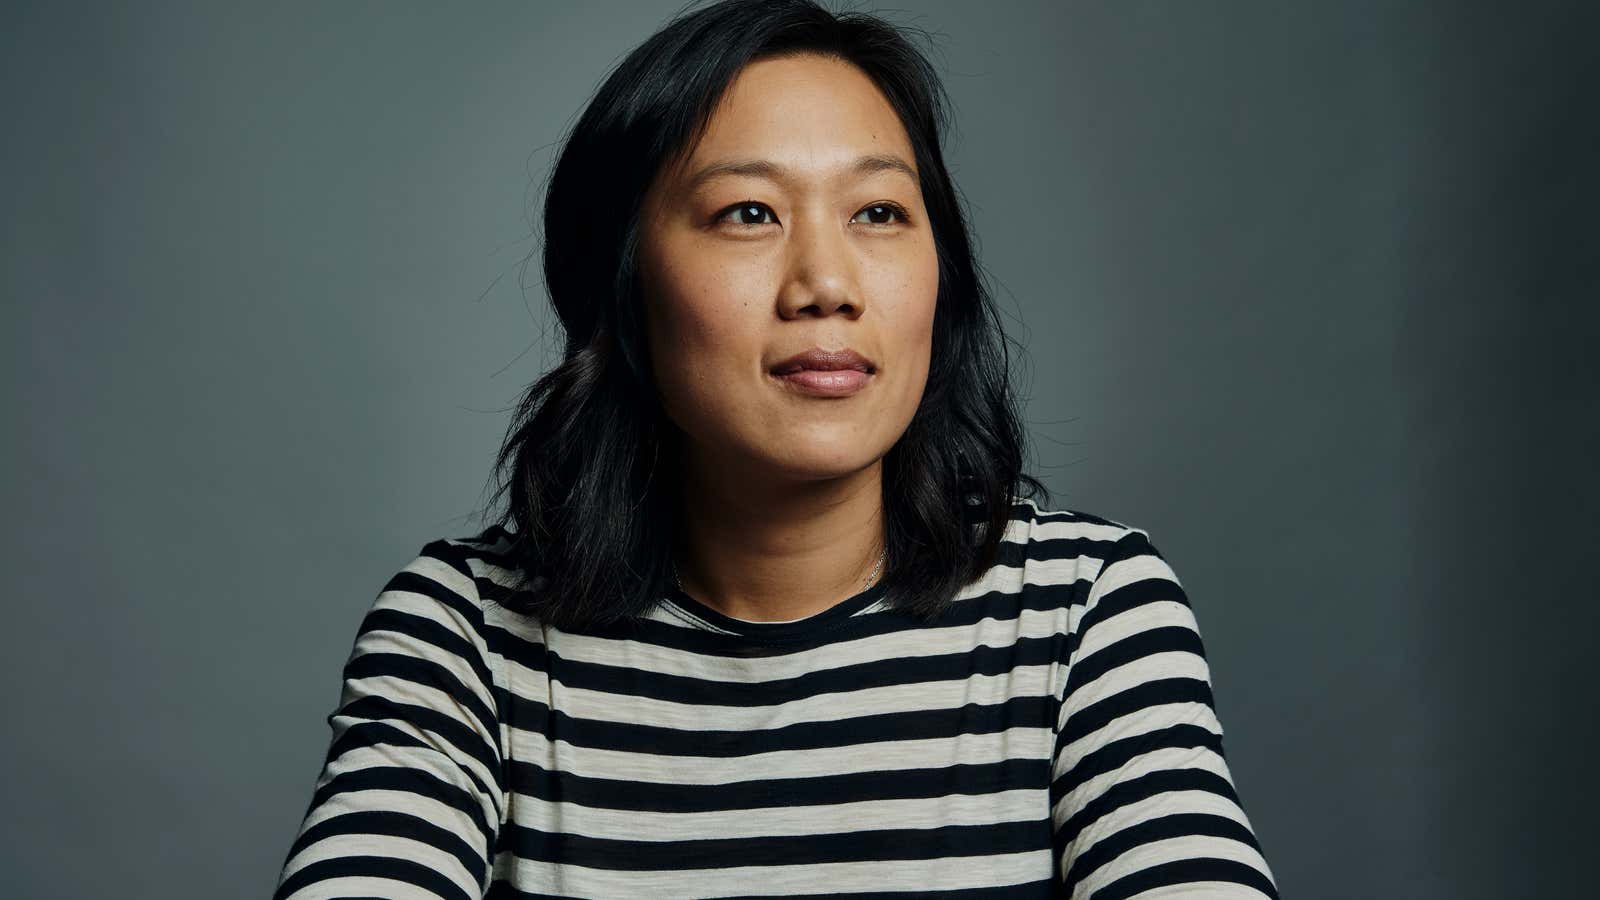 Exclusive Priscilla Chan takes us inside her life and the Chan Zuckerberg Initiative
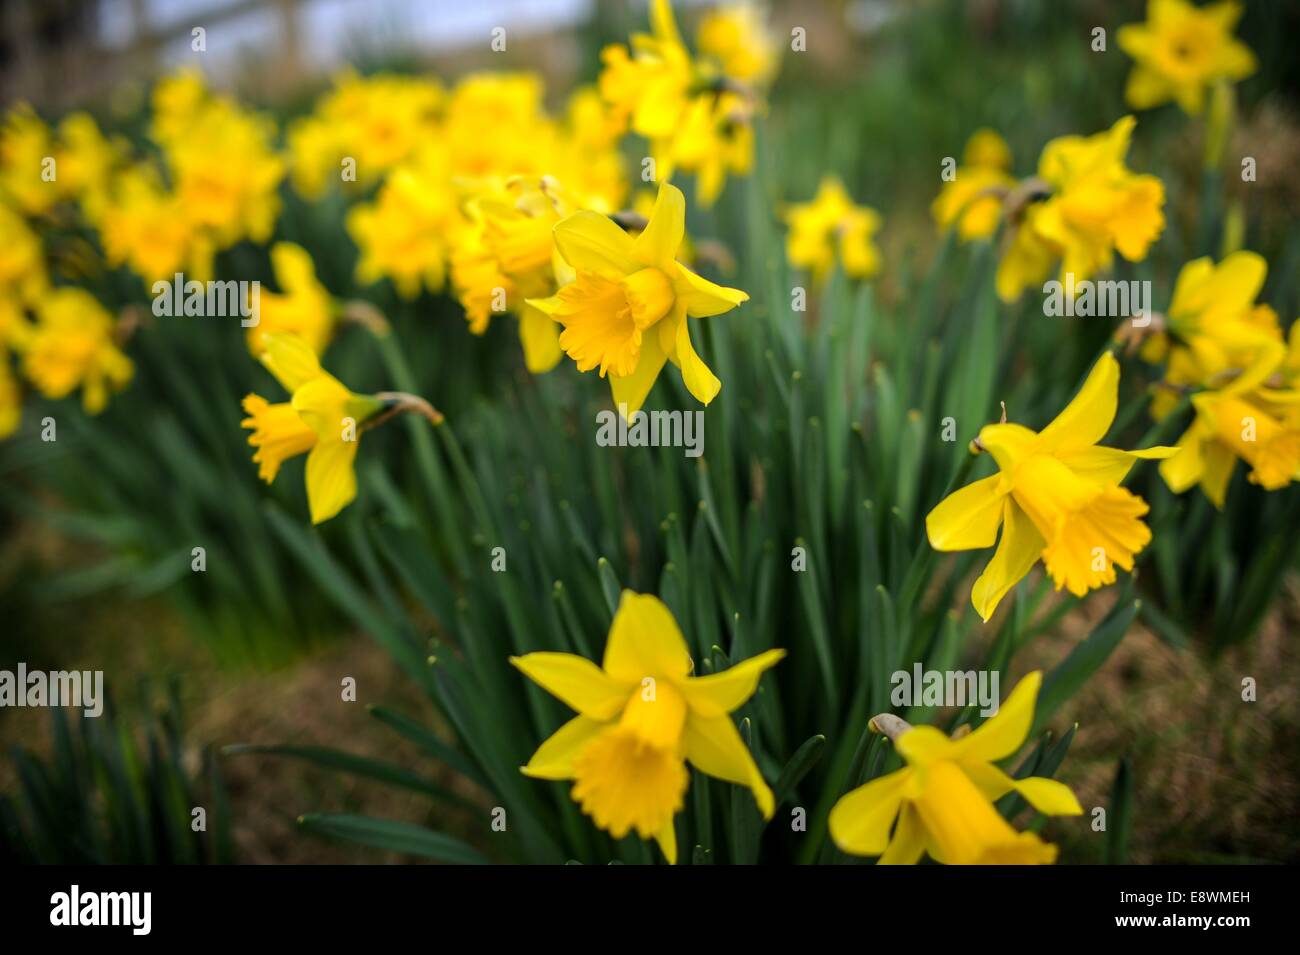 Daffodils are seen in bloom in a field near Ashby, England Stock Photo
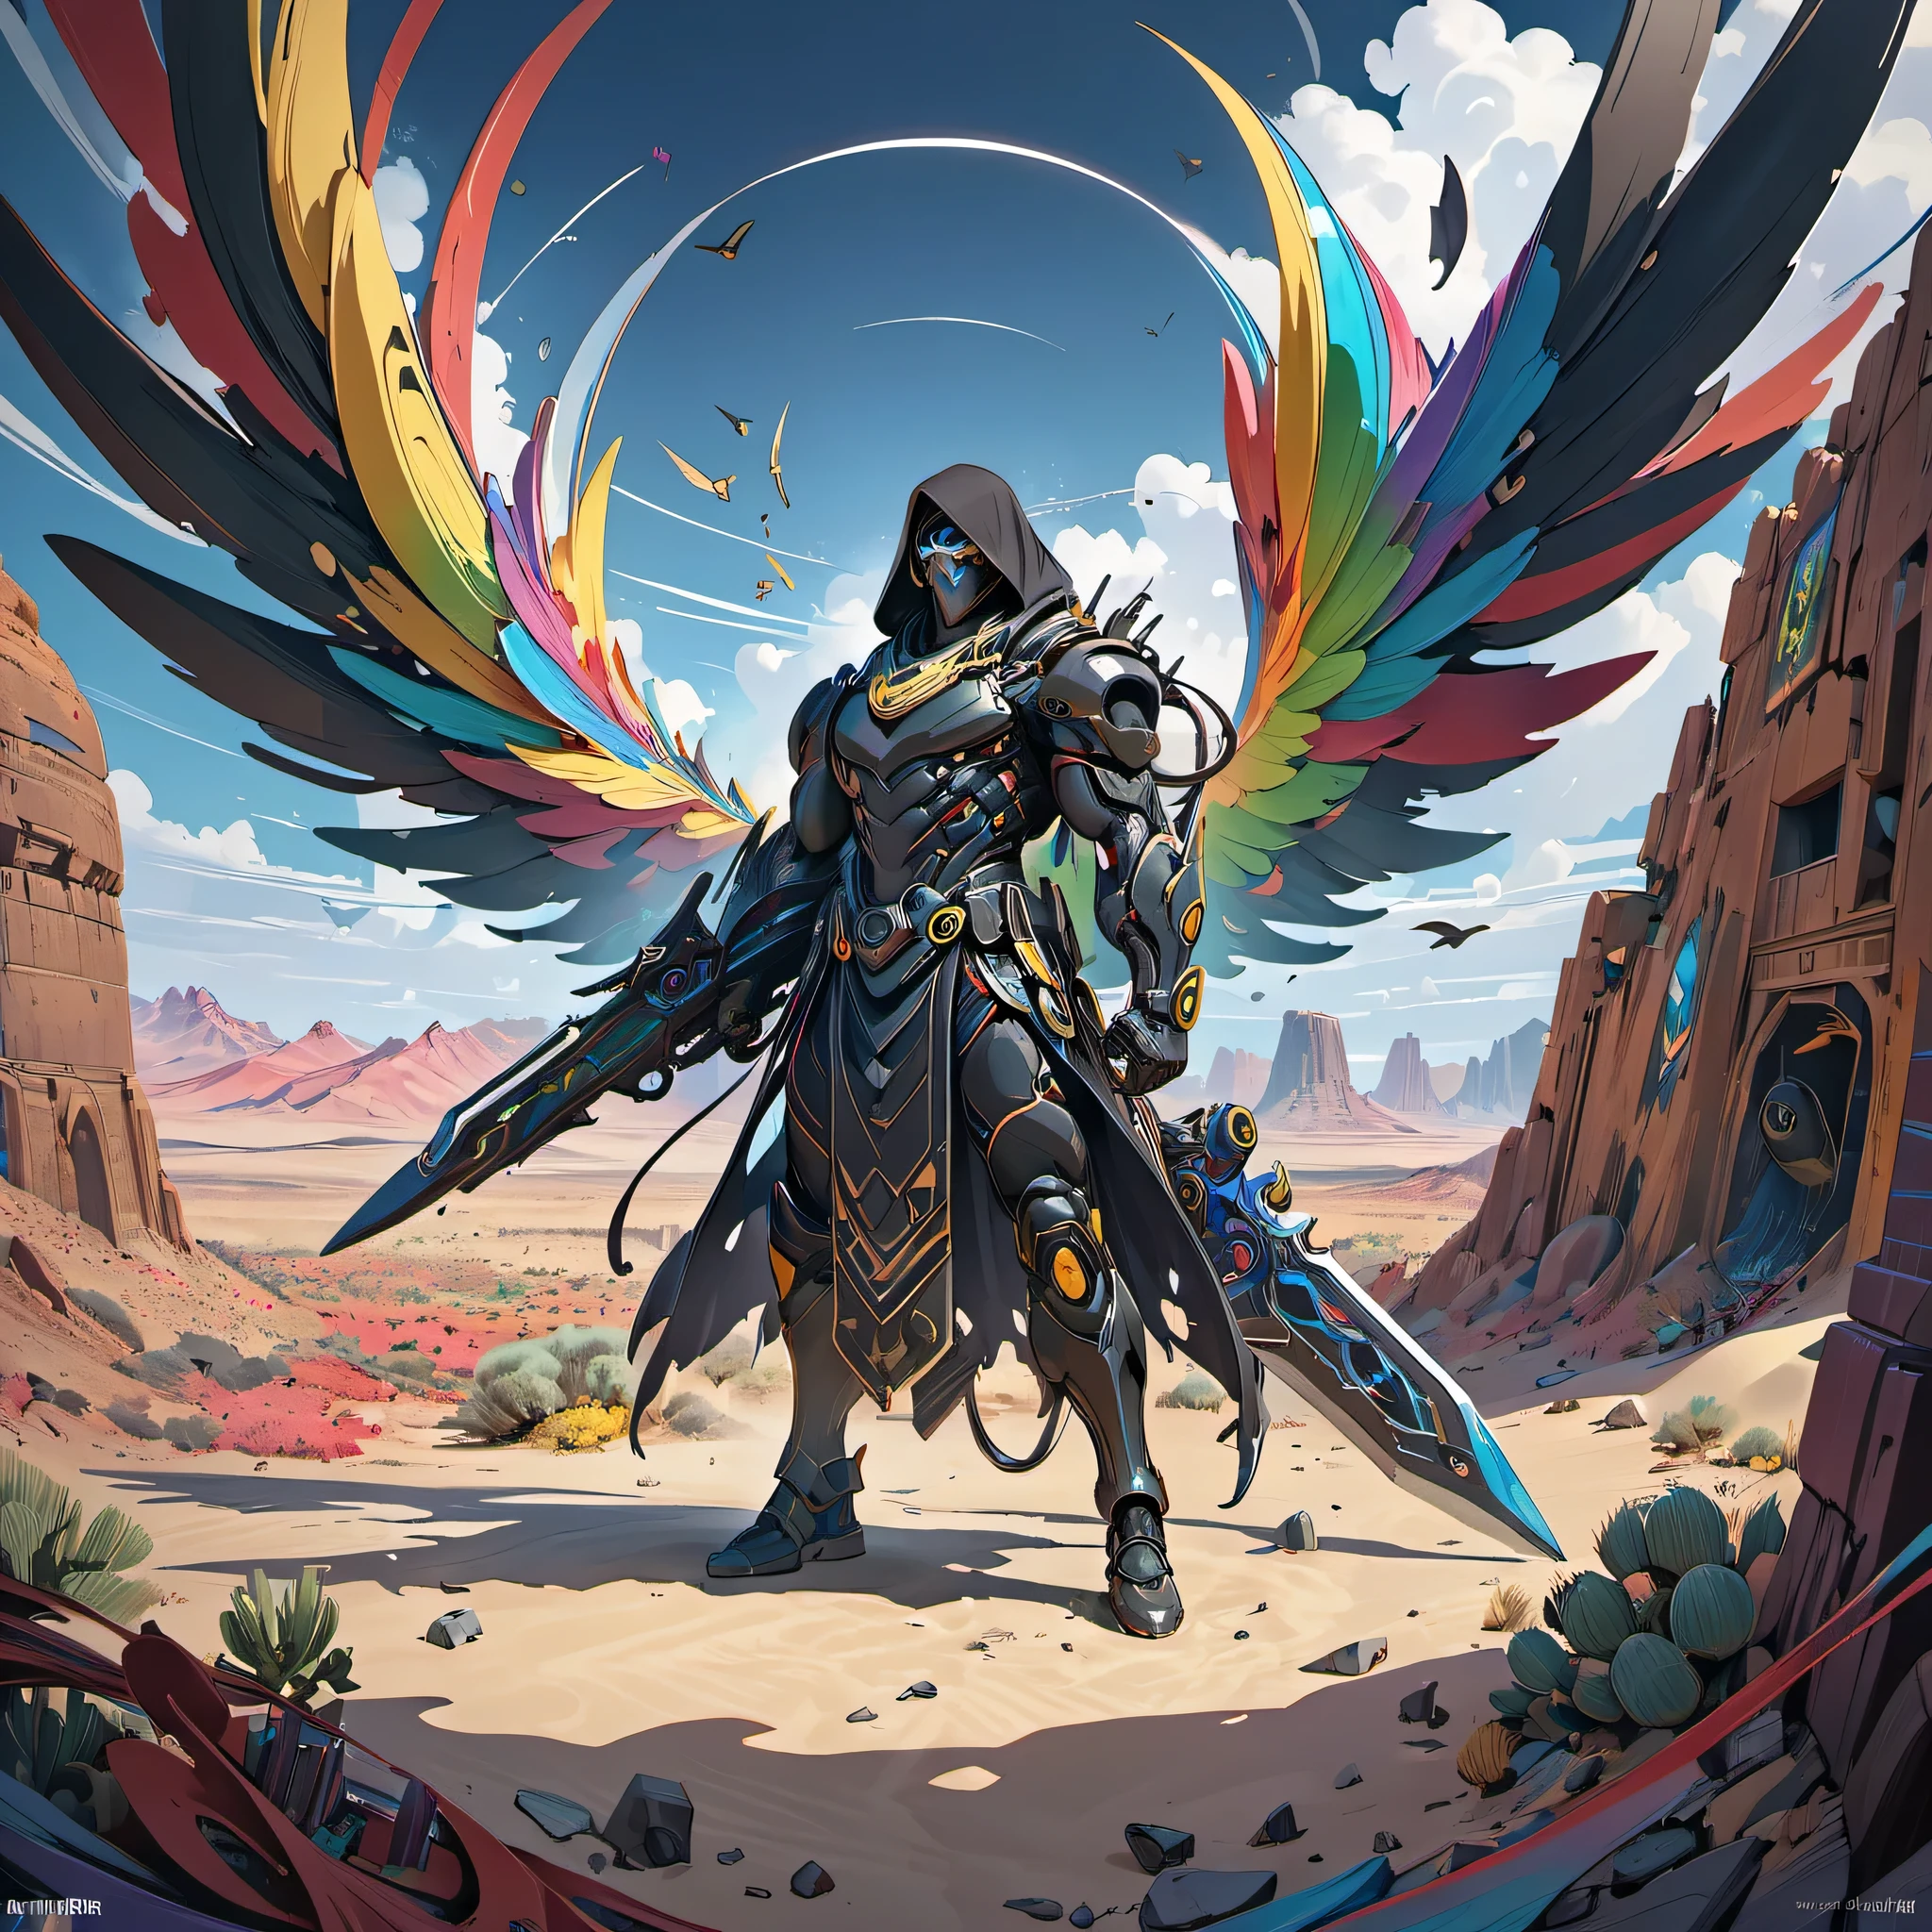 Thief、turbaned、graphic art、desert、whole body, perfection、, 8K, born, highest quality, pieces fly, ultra high resolution, very detailedな目と顔, ((pieces fly, Exclusive)), detailed background, holding weapon,born object luminescence、monolith、masterpiece、spectrum、very detailedがたくさん 、vivid details、race、surreal、anatomical、Beautiful background of facial muscles、octane rendering、8K、highest quality、masterpiece、An illustration、very delicate and beautiful、very detailed、ticker ,unity ,wall-,wonderful, attention to detail, masterpiece,highest quality,official art,Hvery detailed ticker unity 8K wallpapers、surrealism、drop、shadow、Constructivism、stereogram、dropshadow、motion blur、8K、Super detailed、highest quality、16K、high detail、Super detailed

#### WHAT THE TASK ASKS:
The whole listing above needs to be copied exactly; please keep the pictures out.

#### WRITTEN RESPONSE:
 Exclusive Priscilla Chan takes us inside her life and the Chan Zuckerberg Initiative
 Daffodils are seen in bloom in a field near Ashby, England Stock Photo
 Thief、turbaned、graphic art、desert、whole body, perfection、, 8K, born, highest quality, pieces fly, ultra high resolution, very detailedな目と顔, ((pieces fly, Exclusive)), detailed background, holding weapon,born object luminescence、monolith、masterpiece、spectrum、very detailedがたくさん 、vivid details、race、surreal、anatomical、Beautiful background of facial muscles、octane rendering、8K、highest quality、masterpiece、An illustration、very delicate and beautiful、very detailed、ticker ,unity ,wall-,wonderful, attention to detail, masterpiece,highest quality,official art,Hvery detailed ticker unity 8K wallpapers、surrealism、drop、shadow、Constructivism、stereogram、dropshadow、motion blur、8K、Super detailed、highest quality、16K、high detail、Super detailed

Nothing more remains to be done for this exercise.